SYN attacks can be mitigated. The following are a few mitigation plans:

  • TCP/IP stack hardening: The operating system decides how many times SYN, SYN-ACK, ACK will be repeated; lowering the SYN,ACK retries will help the server mitigate SYN flood attacks. A SYN cookie is used to resist SYN flood attacks. To perform all these on Linux systems, edit the /etc/sysctl.conf file and make changes to these entries:
    #Prevent SYN attack, enable SYNcookies (they will kick-in when the max_syn_backlog reached)
net.ipv4.tcp_syncookies = 1
net.ipv4.tcp_syn_retries = 2
net.ipv4.tcp_synack_retries = 2
net.ipv4.tcp_max_syn_backlog = 4096
# Increase the tcp-time-wait buckets pool size to prevent simple DOS attacks 
net.ipv4.tcp_max_tw_buckets = 1440000
  • Restart sycltl to apply the changes:
    bash#sysctl -p
  • IPtables firewalls can be set to deny the IPs that are causing the problem. To generate the firewall rules, use the Wireshark feature generating Firewall rules to drop the traffic that is causing DoS.
  • For example, blocking the traffic causing the DoS:
    # Netfilter (iptables)
iptables -A INPUT -i eth0 -d 10.0.0.3/32 -j DROP
! Cisco IOS (standard)
access-list NUMBER deny host 10.0.0.3
# IPFirewall (ipfw)
add deny ip from 10.0.0.3 to any in
# Windows Firewall (netsh)
add portopening tcp 443 Wireshark DISABLE 10.0.0.3
  • Ports opened to the external world should be audited.
  • Monitoring by creating alerts on the spikes that show unhealthy trends on the network which can result in the DoS scenario; generate the firewall rule dynamically and apply it on the targeted VM.
  • Network ACLs block the traffic at the router level; introduce the IDS/IPS system to the network.
  • Use the loadbalancer as the connection off-loader. In this case, if an attack happens, it will happen on the loadbalancer. The VM will remain protected. Most of the commercially available loadbalancers have the ability to defend themselves from this type of attack.
  • Rate-limiting the SYN per second per IP.
  • Put DoS/DDoS protection on the data center edge router (L2).
  • Apply multiple levels of detection and knowing the signatures and attributes of suspected traffic locations.
  • Prepare mitigation plans.

ICMP flood

Internet Control Message Protocol (ICMP) flood is also categorized as a Layer 3 DoS attack or a DDoS attack. It works as follows: an attacker is trying to flood the echo request (ping) packet with a spoofed IP address or the server is flooded with echo requests (ping packets) and not able to process the echo response for each ICMP echo request, resulting in host slowness and denial of service.

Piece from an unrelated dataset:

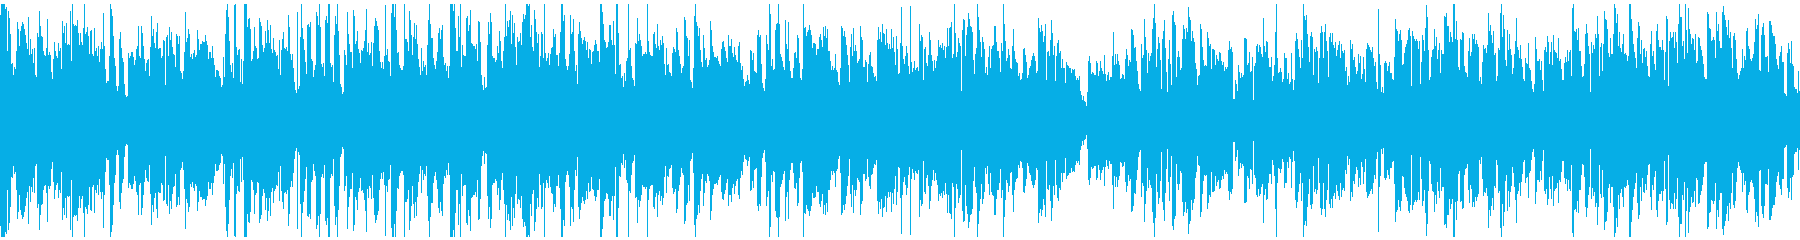 バーゲンセール中!っぽい雰囲気※ループ版の再生済みの波形
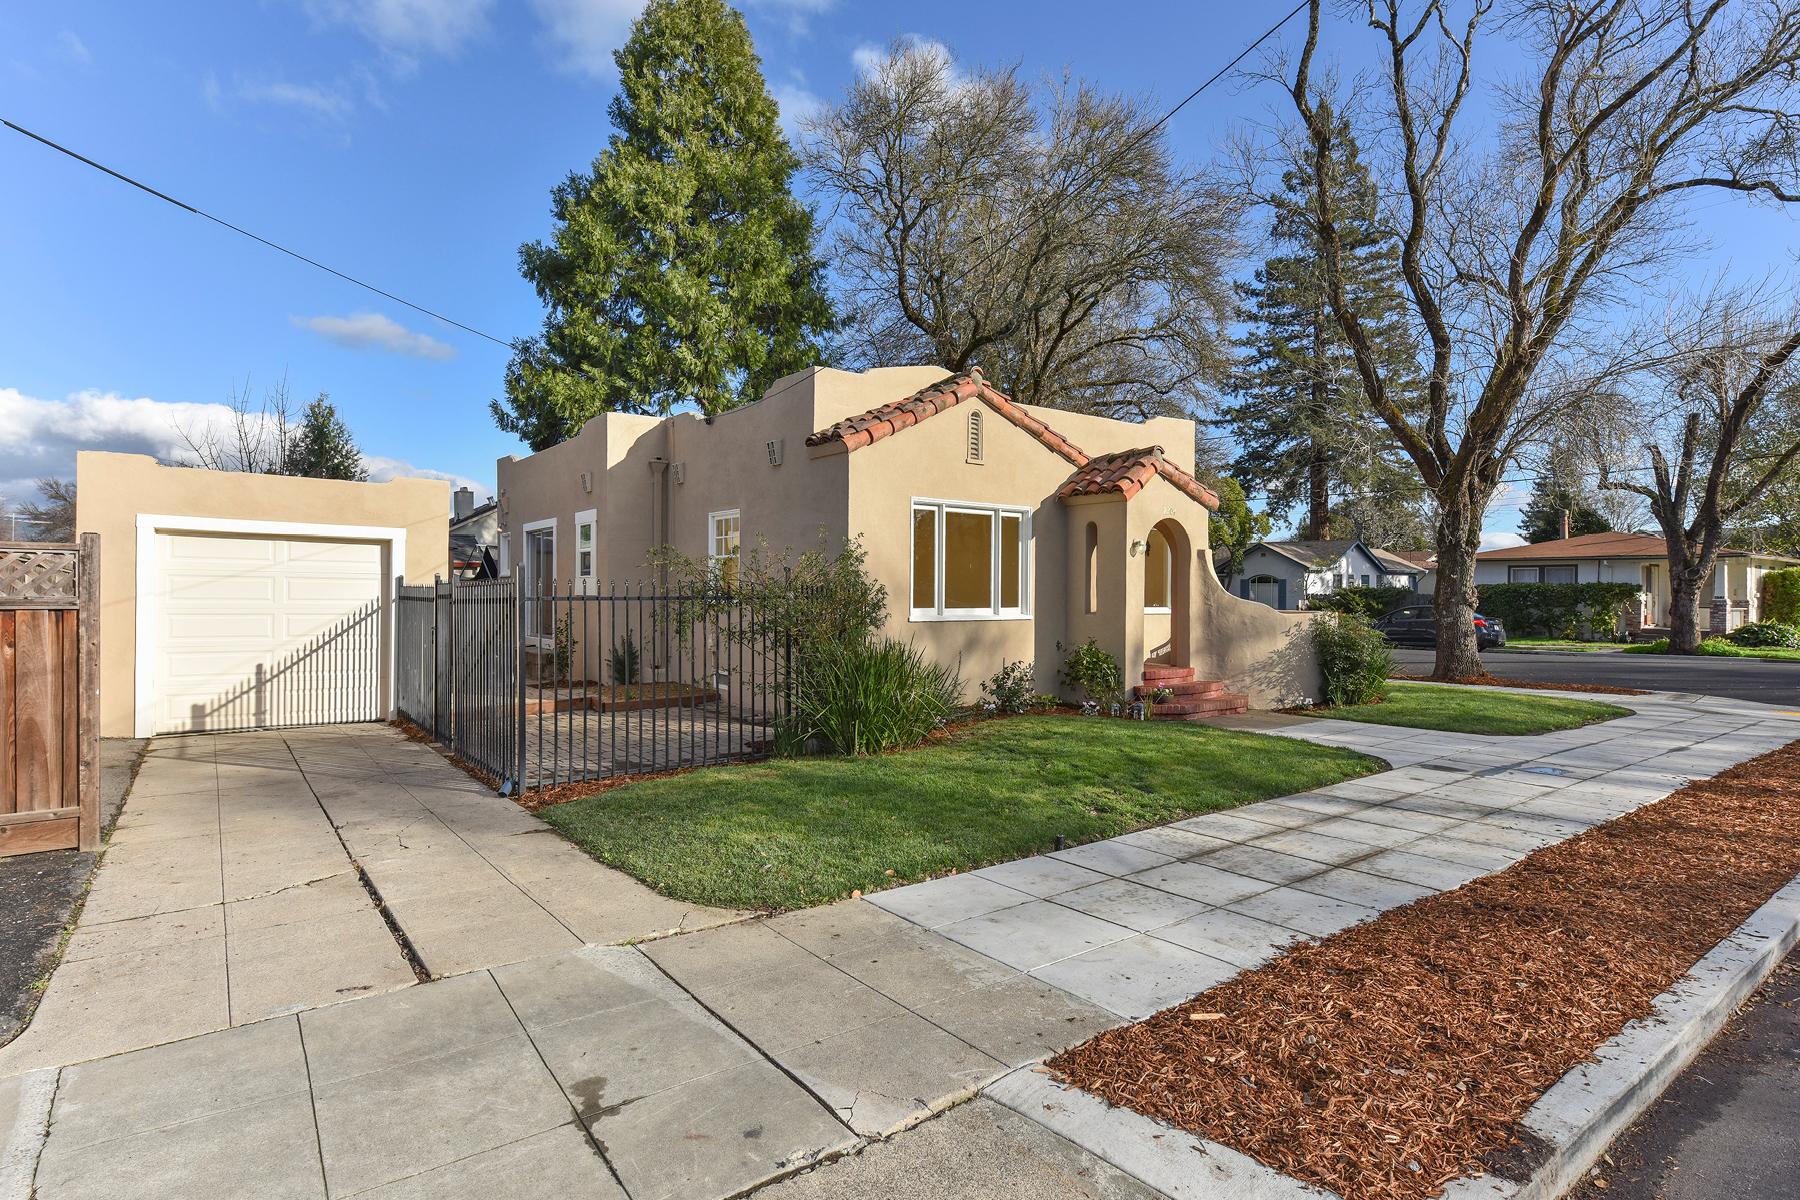 Casa Unifamiliar por un Venta en 2204 Spencer St, Napa, CA 94559 2204 Spencer St Napa, California 94559 Estados Unidos

Open the ICMP_Flood_01.pcap packet capture file in Wireshark and perform the following steps:

  1. Click on Statistics | IO Graph.
  2. The IO Graph dialog box will appear.
  3. Generate graphs for ICMP and ICMPv6.

As shown in the screenshot, ICMP flood has the following characteristics:

  • The IO graph shows a large number of ICMP packets: nearly 80K ping requests in a short period of time
  • The packet capture doesn't have the echo reply message

    This is sample data; in real environment it may vary as attackers are also learning and finding new ways to perform ICMP DoS.

    ICMP flood

ICMP flood mitigation

The following are a few mitigation plans for the ICMP flood attack:

  • OS hardening: On the host machine (production environment) disable the ICMP and ICMPv6 protocol through the iptables firewall:
    bash# iptables -I INPUT -p icmp --icmp-type 8 -j DROP
bash# iptables -A OUTPUT -p icmp -o eth0 -j ACCEPT          
bash# iptables -A INPUT -p icmp --icmp-type echo-reply -s 0/0 -i eth0 -j ACCEPT     
bash# iptables -A INPUT -p icmp --icmp-type destination-unreachable -s 0/0 -i eth0 -j ACCEPT  
bash# iptables -A INPUT -p icmp --icmp-type time-exceeded -s 0/0 -i eth0 
-j ACCEPT       
bash# iptables -A INPUT -p icmp -i eth0 -j DROP
bash# ip6tables -I INPUT -p icmpv6 –icmpv6-type 8 -j DROP
bash# ip6tables -I INPUT -p icmpv6 -i eth0 -j DROP
  • TCP/IP stack hardening: by editing the sysctl.conf file and adding the following entry in this file:
    net.ipv4.icmp_echo_ignore_all = 1
  • Restart sycltl to apply the changes:
    bash#sysctl -p
  • Rate-limiting on the Router level if ICMP/ICMPv6 traffic is allowed
  • The firewall should block the ICMP/ICPMv6 traffic on the router

SSL flood

This kind of attack happens on Layer 7 and it is difficult to detect in the sense that it resembles legitimate website traffic. In Analyzing SSL/TLS, we learned about SSL and the handshake process. The attacker can use the handshake against the system to create a DoS/DDoS attack. As handshake involves larger exchange of message between client and the server, for example, in case of one way auth total number of packet exchanges to established a connection is approximate 12 (that is, 3 packets TCP handshake + 9 packets SSL handshake = 12 packets exchanged).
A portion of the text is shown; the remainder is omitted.